- Conference: Missouri Valley Intercollegiate Athletic Association
- Record: 5–11 (3–8 MVIAA)
- Head coach: Harter Walter (4th season);
- Home arena: State Gymnasium

= 1918–19 Iowa State Cyclones men's basketball team =

American college basketball season

The 1918–19 Iowa State Cyclones men's basketball team (also known informally as Ames) represented Iowa State University during the 1918–19 NCAA men's basketball season. The Cyclones were coached by Harter Walter, who was in his fourth and final season with the Cyclones. They played their home games at the State Gymnasium in Ames, Iowa.
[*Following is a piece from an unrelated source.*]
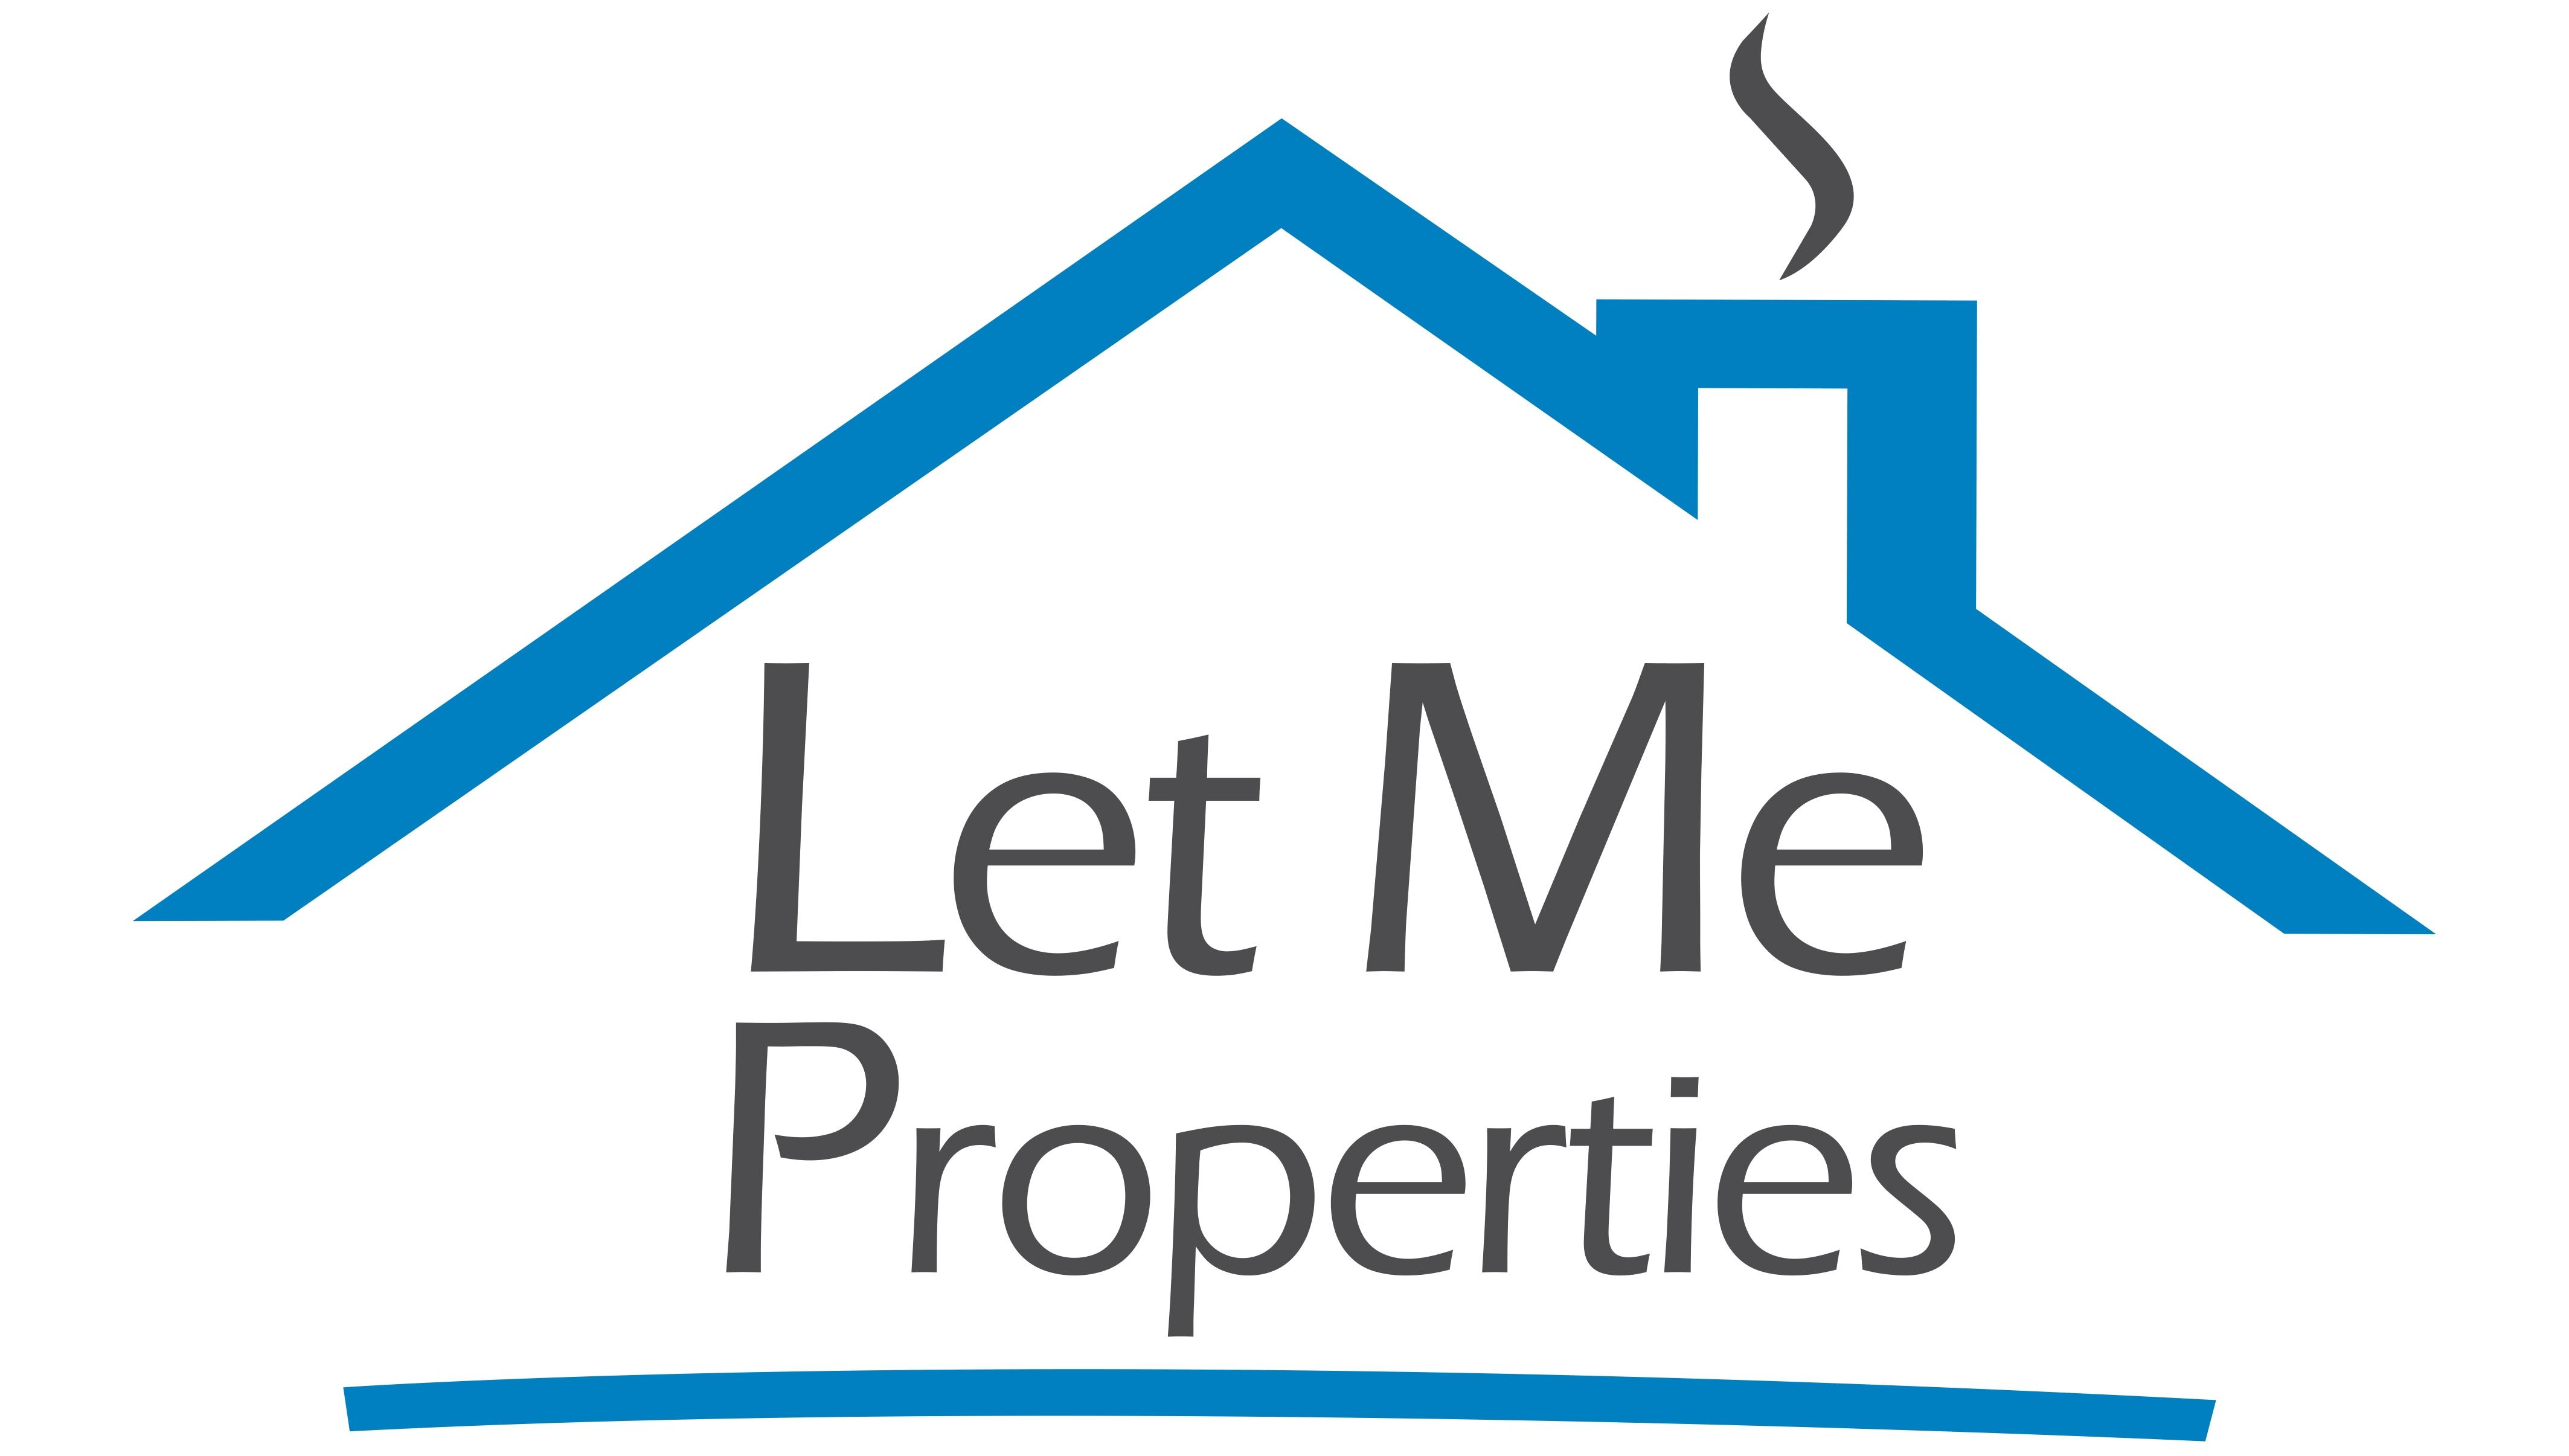 logo for Let Me Properties

They defeated the 219th Signal Battalion of Camp Dodge on December 28, 1918, in a "practice game" by the score of 19 to 7. They were originally scheduled to host Coe on January 2, 1919, but it was postponed due to the influenza pandemic. Iowa State was originally scheduled to play Nebraska, but could not come to an agreement, claiming the Nebraska gymnasium was too small.

They finished the season 5–11, 3–8 in Missouri Valley play to finish in sixth place.

== Schedule and results ==

| Date time, TV | Rank^{#} | Opponent^{#} | Result | Record | Site city, state |
Exhibition
| December 28, 1918* |  | Camp Dodge 219th Signal Battalion Exhibition | W 19–7 |  | State Gymnasium Ames, Iowa |
Regular season
| January 7, 1919* |  | at Simpson | W 21–15 | 1–0 | Indianola, Iowa |
| January 10, 1919 |  | at Missouri | L 16–34 | 1–1 (0–1) | Rothwell Gymnasium Columbia, Missouri |
| January 11, 1919 |  | at Missouri | L 22–35 | 1–2 (0–2) | Rothwell Gymnasium Columbia, Missouri |
| January 17, 1919 7:30 pm |  | Kansas | L 17–50 | 1–3 (0–3) | State Gymnasium Ames, Iowa |
| January 18, 1919 2:30 pm |  | Kansas | W 29–28 | 2–3 (1–3) | State Gymnasium Ames, Iowa |
| January 24, 1919* |  | Camp Dodge | W 31–30 | 3–3 | State Gymnasium Ames, Iowa |
| January 28, 1919 4:15 pm |  | Drake Iowa Big Four | W 24–11 | 4–3 (2–3) | State Gymnasium Ames, Iowa |
| January 31, 1919* |  | Coe | L 20–31 | 4–4 | State Gymnasium Ames, Iowa |
| February 4, 1919 4:30 pm |  | Washington University (MO) | L 19–25 | 4–5 (2–4) | State Gymnasium Ames, Iowa |
| February 11, 1919 |  | Kansas State | L 18–22 | 4–6 (2–5) | State Gymnasium Ames, Iowa |
| February 12, 1919 |  | Kansas State | L 17–27 | 4–7 (2–6) | State Gymnasium Ames, Iowa |
| February 15, 1919* |  | at Iowa Cy-Hawk Rivalry | L 17–27 | 4–8 | First Iowa Armory Iowa City, Iowa |
| February 18, 1919 |  | at Drake Iowa Big Four | L 21–27 | 4–9 (2–7) | Alumni Gymnasium Des Moines, Iowa |
| February 22, 1919 |  | at Grinnell | L 20–25 | 4–10 (2–8) | Grinnell, Iowa |
| March 1, 1919* |  | Iowa Cy-Hawk Rivalry | L 20–28 | 4–11 | State Gymnasium Ames, Iowa |
| March 7, 1919 |  | Grinnell | W 25–22 | 5–11 (3–8) | State Gymnasium Ames, Iowa |
*Non-conference game. ^{#}Rankings from AP poll. (#) Tournament seedings in parentheses. All times are in Central Time.